In Dienekes' second plot, he claims to "zoom in" on the little blob of humans on the first plot.  I have good eyesight and cannot quite see how the "zoomin" of the second plot is taken directly from the "blob" at the center of the first plot. 

It's true that the little cluster of humans in the first plot is somewhat multimodal.  Those who have been following developments in genetic anthropology won't be surprised that Africans and Non-Africans cluster closely, but separately.  Clearly, there are many early humans who didn't make it through events of the last 100,000 years.  Additionally, there is evidence of separate low level (<4%) admixture events for Africans and Non-Africans that may account for some of the multimodality.  The wiki page on archaic human admixture touches on the relevant references.

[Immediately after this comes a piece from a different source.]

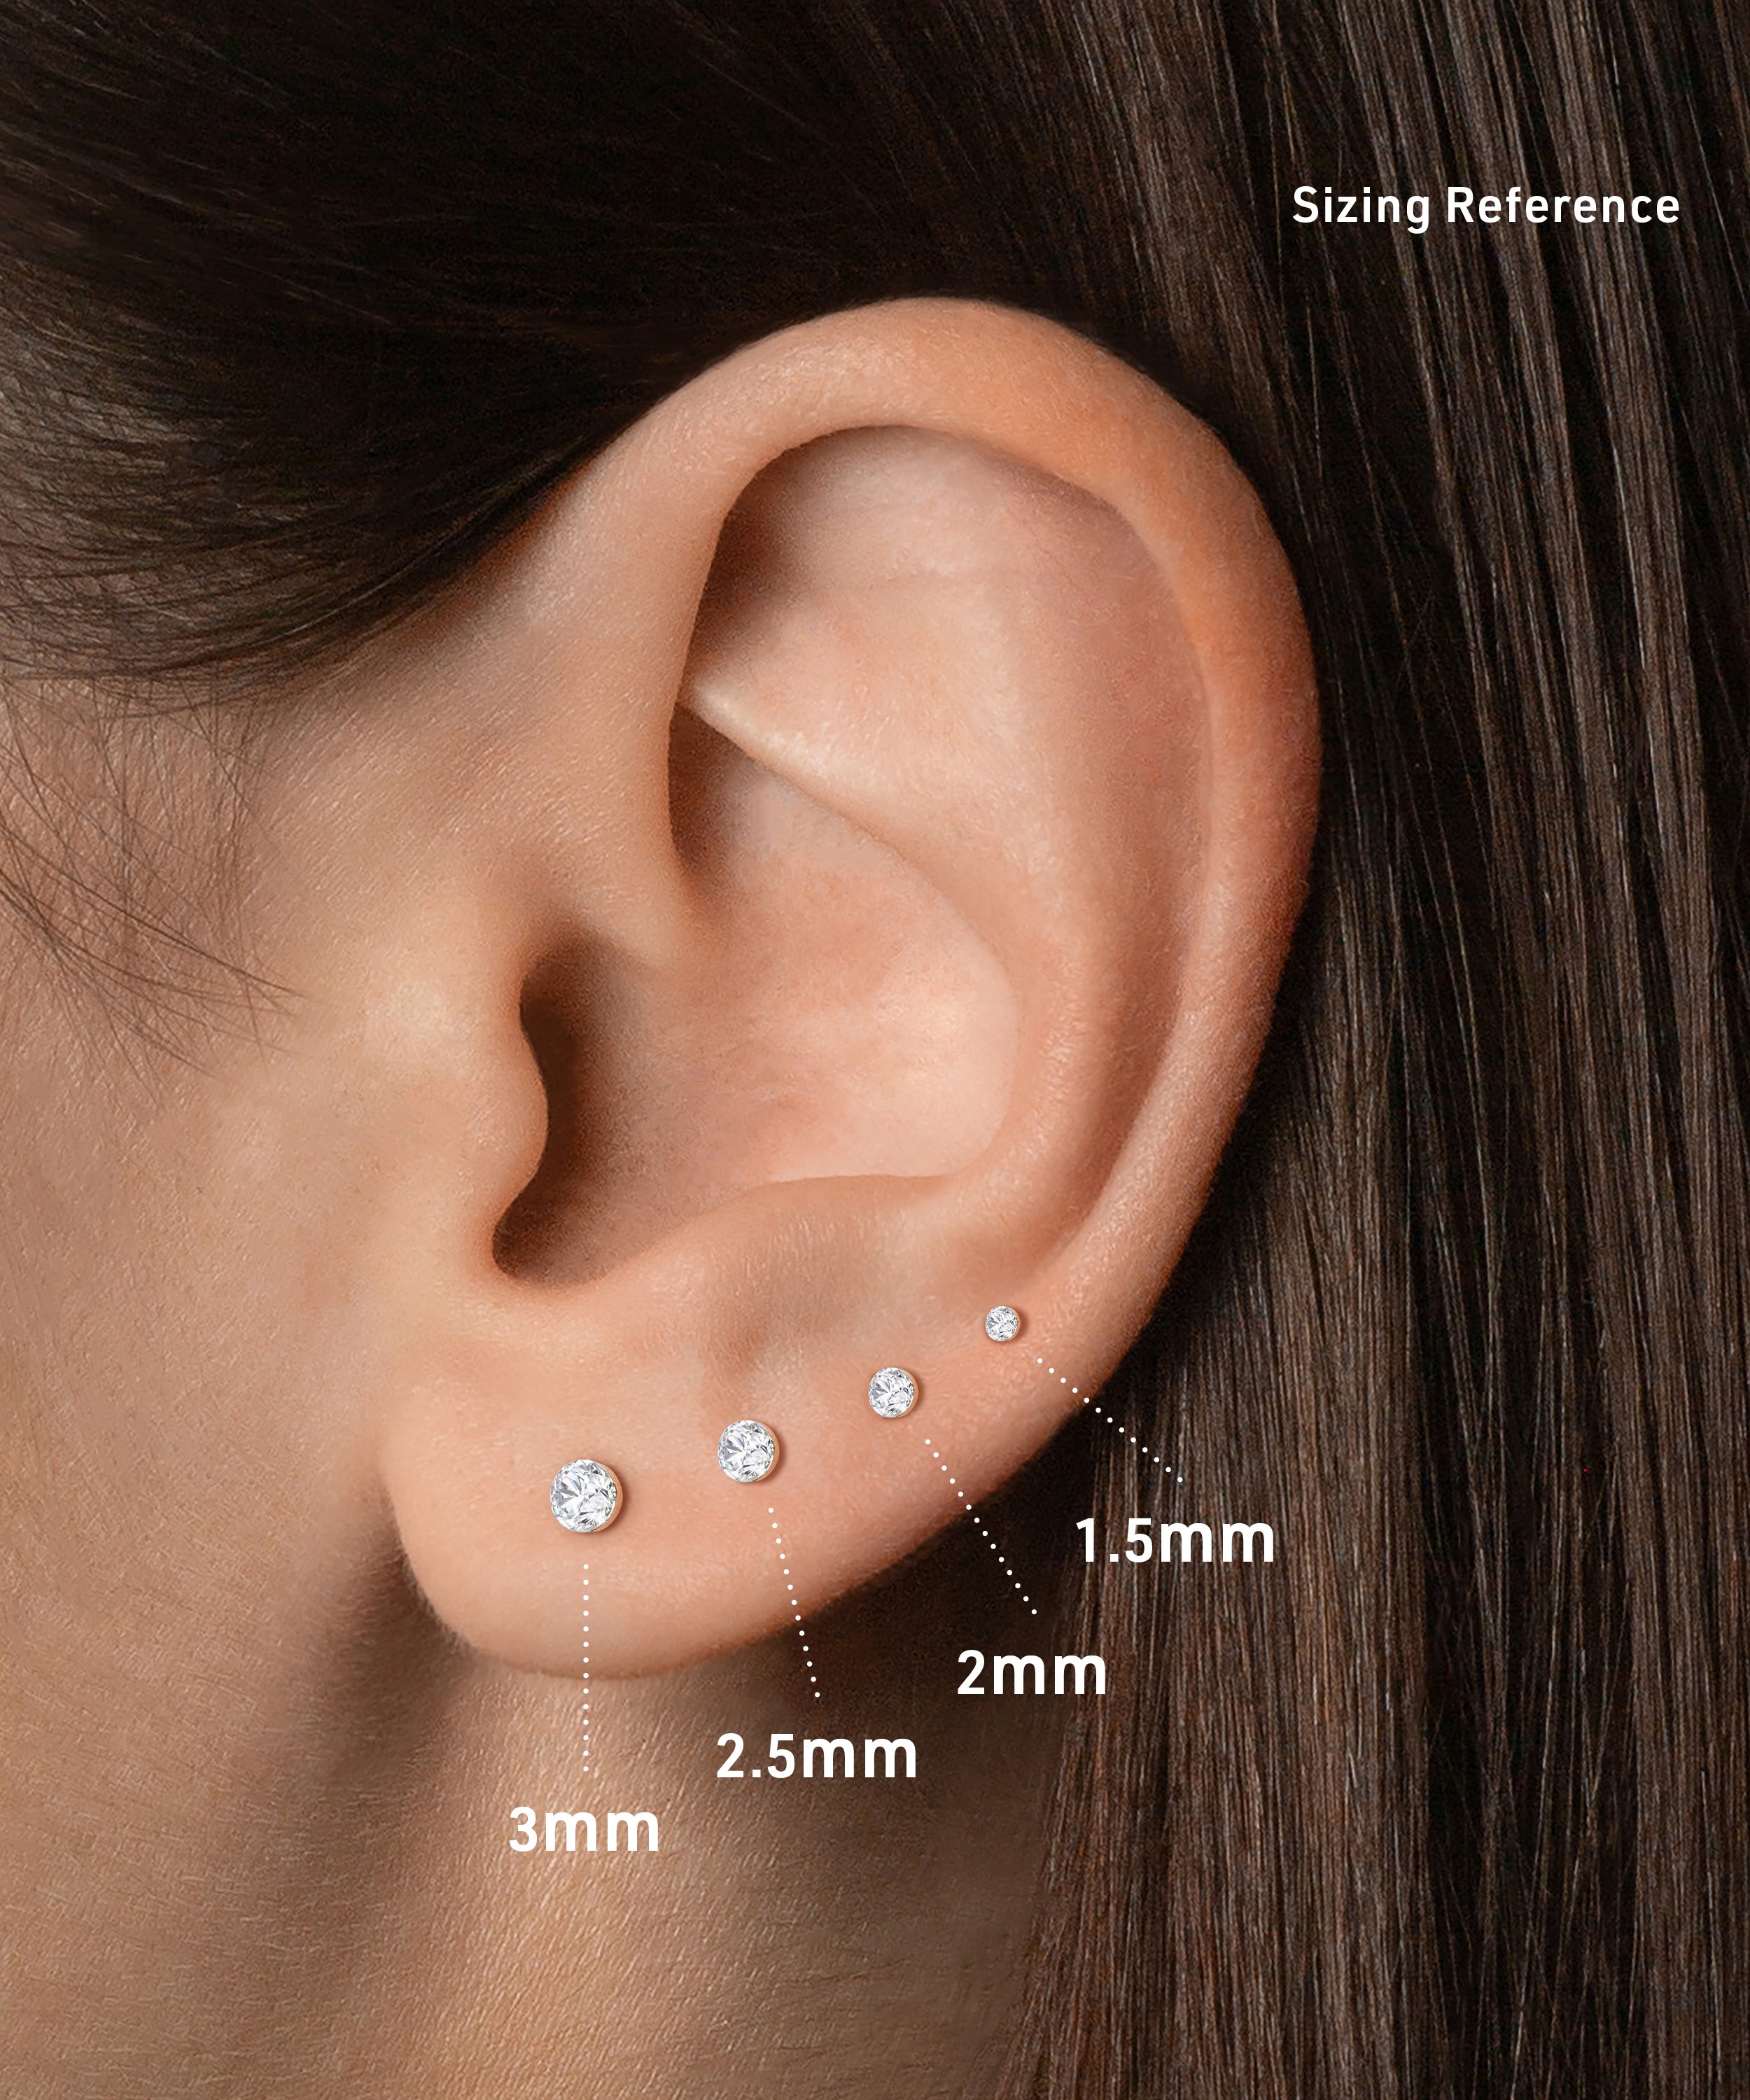 Pinch Flat Back Stud Earring, 3mm Diamond

Still, I can't quite make out how the two graphs match.  The first graph shows that the human cluster is skewed right toward Chimpanzees. In the "zoomed in" plot, Africans seem to be skewed downward and away from Chimpanzees, Denisovans and Neandertals.  Yet, the optical illusion is enough for some commentators to think they are observing a "shift toward chimps" of some populations.  It would be easy to laugh off Dienekes' amateurish analysis as harmless.  However, his blog is widely read.  Many of his readers are curious, but not equipped with the analytical skills to see the mistakes in his experiments.  Sadly, experts in the field of genetics rarely speak out about Dienekes' biased publications.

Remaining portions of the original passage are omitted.